The video begins with Metallica drummer Lars Ulrich starting the beat saying "En, to, tre, fire!" (taken from the live in studio performance of "The Unnamed Feeling") which translated from Danish means "One, two, three, four!" At the end of the video, a sentence appears on a black background, reading: "For all the souls impacted by San Quentin, your spirit will forever be a part of Metallica."
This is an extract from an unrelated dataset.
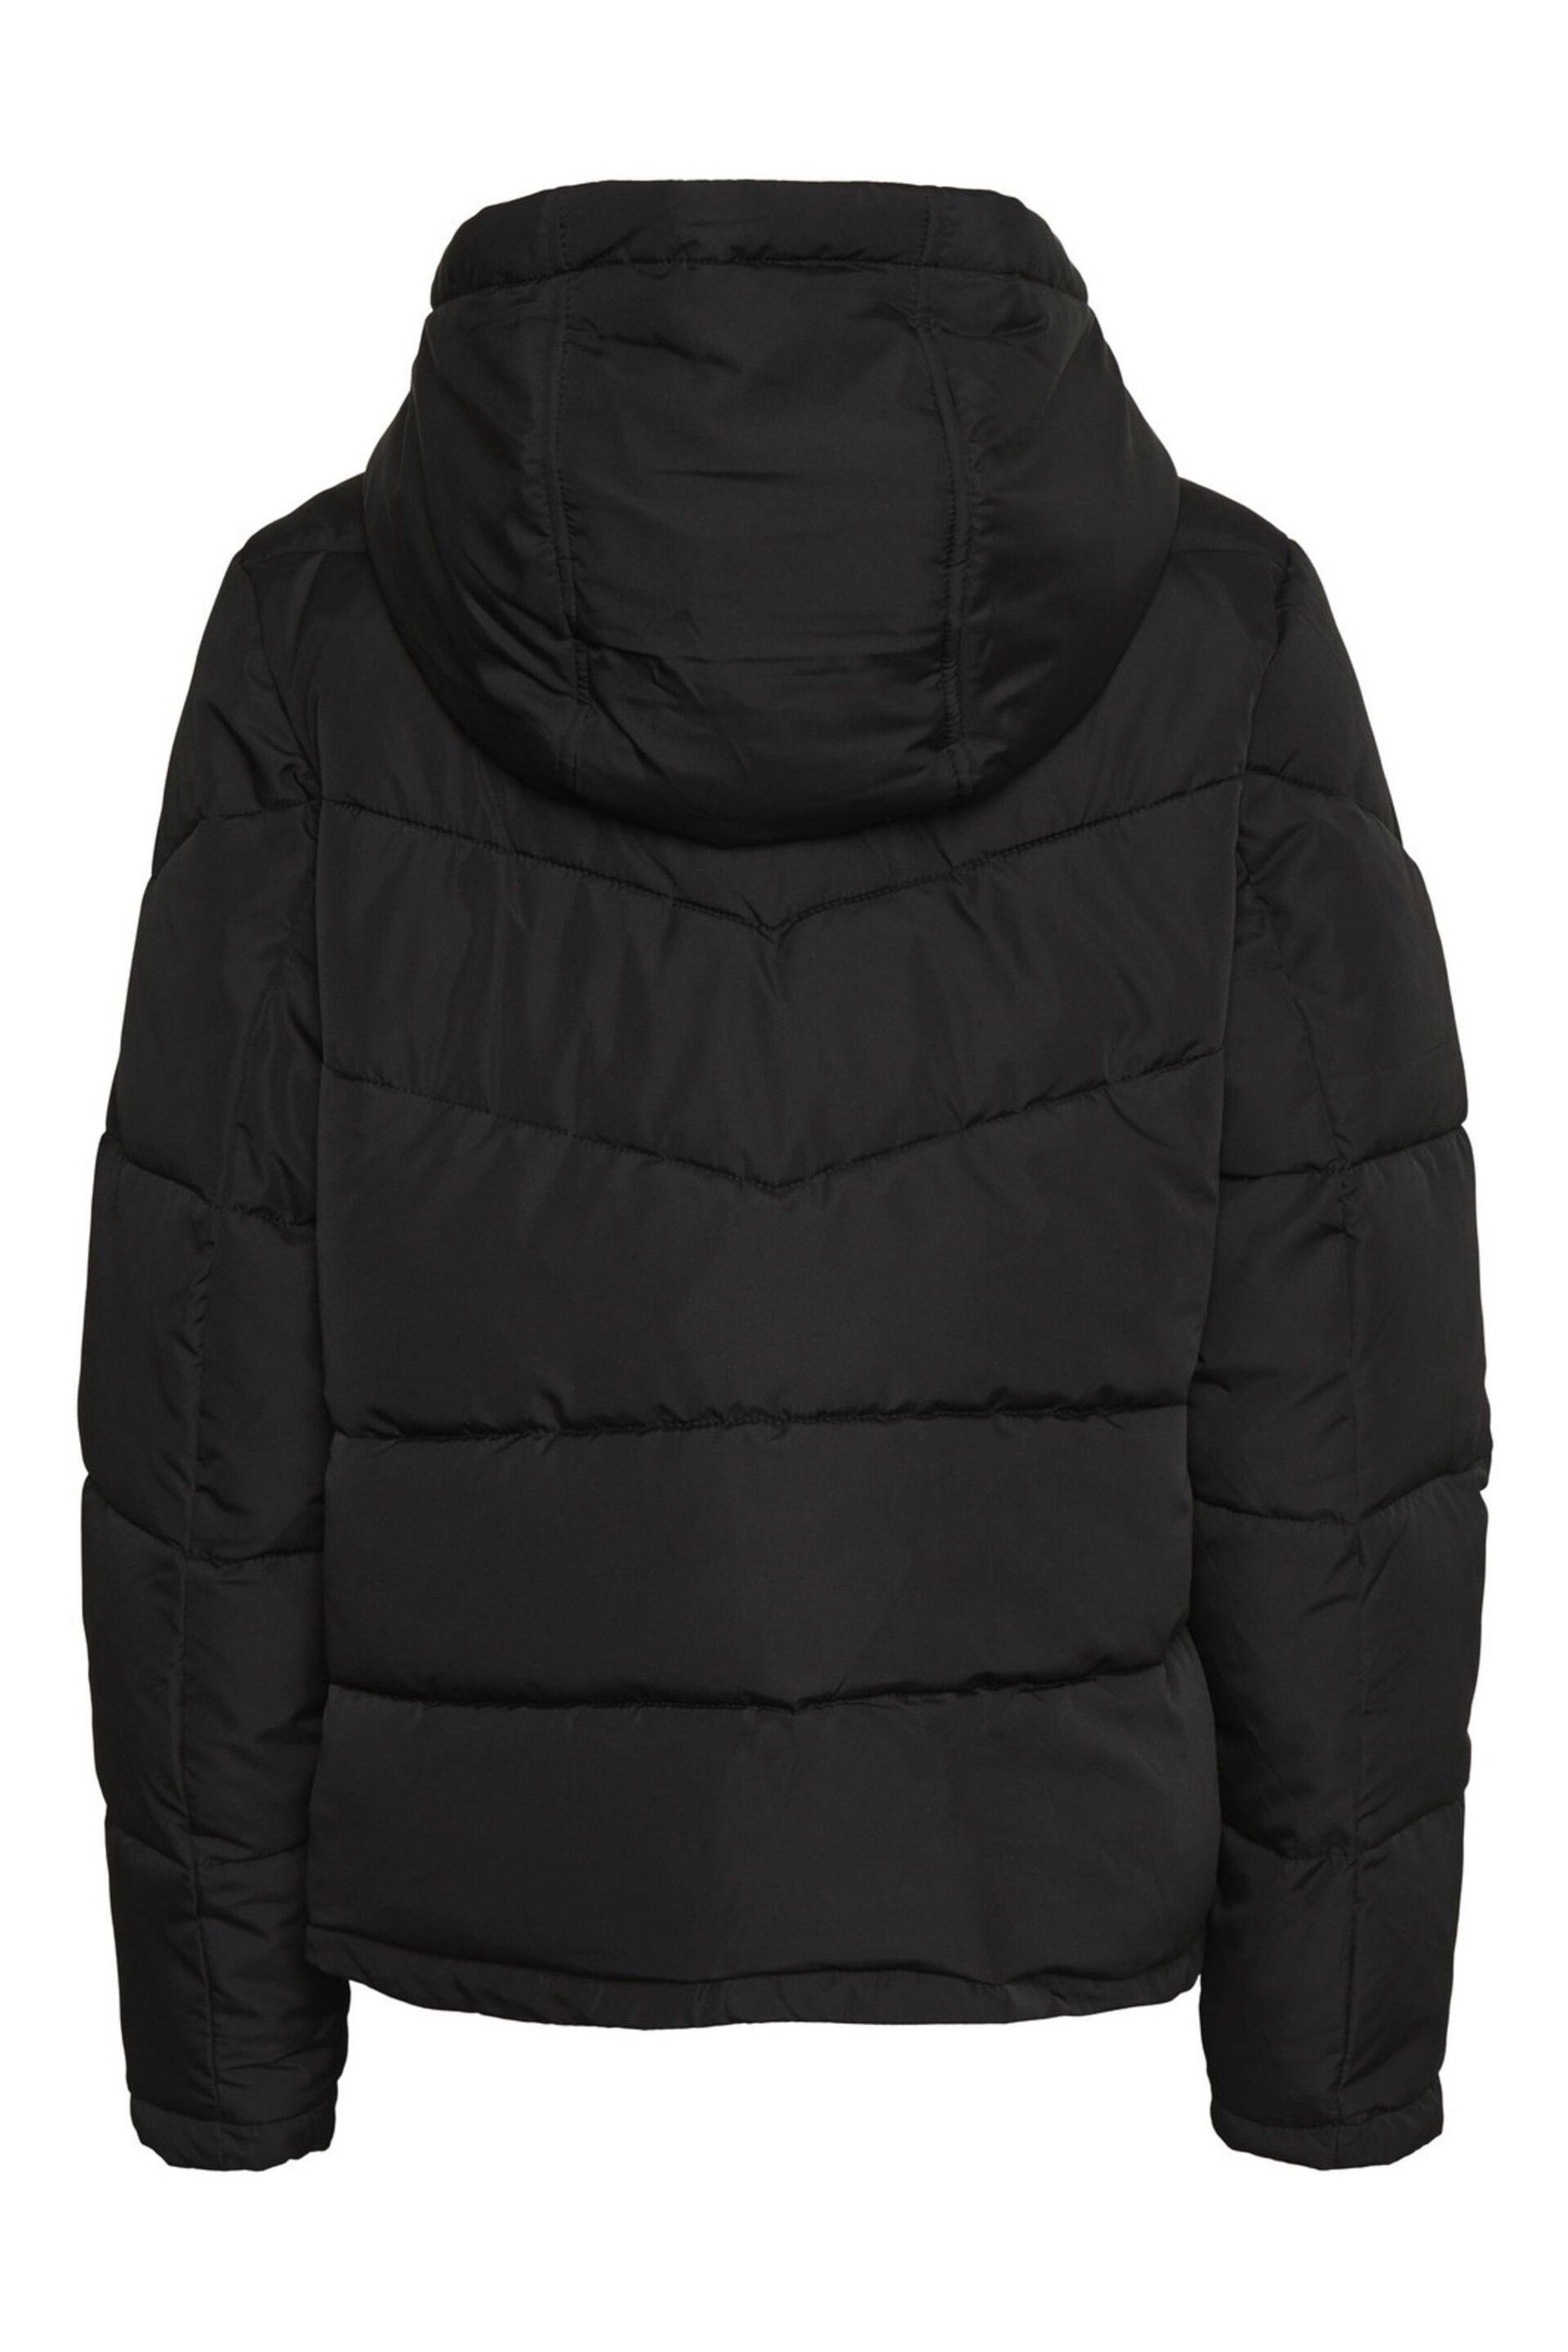 Noisy May Black Padded Jacket With Hood - Image 5 of 5

It won a 2003 Metal Edge Readers' Choice Award for Video of the Year.

==Track listing==

International Single Part 1
| No. | Title | Length |
|---|---|---|
| 1. | "St. Anger" | 7:21 |
| 2. | "Commando" (Ramones cover) | 1:48 |
| 3. | "Today Your Love, Tomorrow the World" (Ramones cover) | 2:13 |

International Single Part 2
| No. | Title | Length |
|---|---|---|
| 1. | "St. Anger" | 7:21 |
| 2. | "Now I Wanna Sniff Some Glue" (Ramones cover) | 1:40 |
| 3. | "Cretin Hop" (Ramones cover) | 1:56 |

International 7" Vinyl Single
| No. | Title | Length |
|---|---|---|
| 1. | "St. Anger" | 7:21 |
| 2. | "We're a Happy Family" (Ramones cover) | 2:20 |

Japanese EP
| No. | Title | Length |
|---|---|---|
| 1. | "St. Anger" | 7:21 |
| 2. | "Commando" (Ramones cover) | 1:48 |
| 3. | "Today Your Love, Tomorrow the World" (Ramones cover) | 2:13 |
| 4. | "Now I Wanna Sniff Some Glue" (Ramones cover) | 1:40 |
| 5. | "We're a Happy Family" (Ramones cover) | 2:20 |

==Chart positions==

| Chart (2003) | Peak position |
|---|---|
| Australia (ARIA) | 15 |
| Austria (Ö3 Austria Top 40) | 17 |
| Belgium (Ultratop 50 Flanders) | 43 |
| Canada (Nielsen SoundScan) | 24 |
| Chile (Notimex) | 3 |
| Croatia (HRT) | 7 |
| Denmark (Tracklisten) | 4 |
| Finland (Suomen virallinen lista) | 5 |
| Germany (GfK) | 15 |
| Hungary (Single Top 40) | 5 |
| Ireland (IRMA) | 12 |
| Netherlands (Dutch Top 40) | 22 |
| New Zealand (Recorded Music NZ) | 38 |
| Norway (VG-lista) | 6 |
| Paraguay (Notimex) | 1 |
| Spain (Promusicae) | 4 |
| Sweden (Sverigetopplistan) | 9 |
| Switzerland (Schweizer Hitparade) | 28 |
| UK Singles (Official Charts) | 9 |
| US Bubbling Under Hot 100 (Billboard) | 7 |
| US Alternative Airplay (Billboard) | 17 |
| US Mainstream Rock (Billboard) | 2 |
| US Active Rock (Billboard) | 1 |
| US Heritage Rock (Billboard) | 5 |

==Certifications==

Certifications for "St. Anger"
| Region | Certification | Certified units/sales |
| Australia (ARIA) | Platinum | 70,000^{‡} |
^{‡} Sales+streaming figures based on certification alone.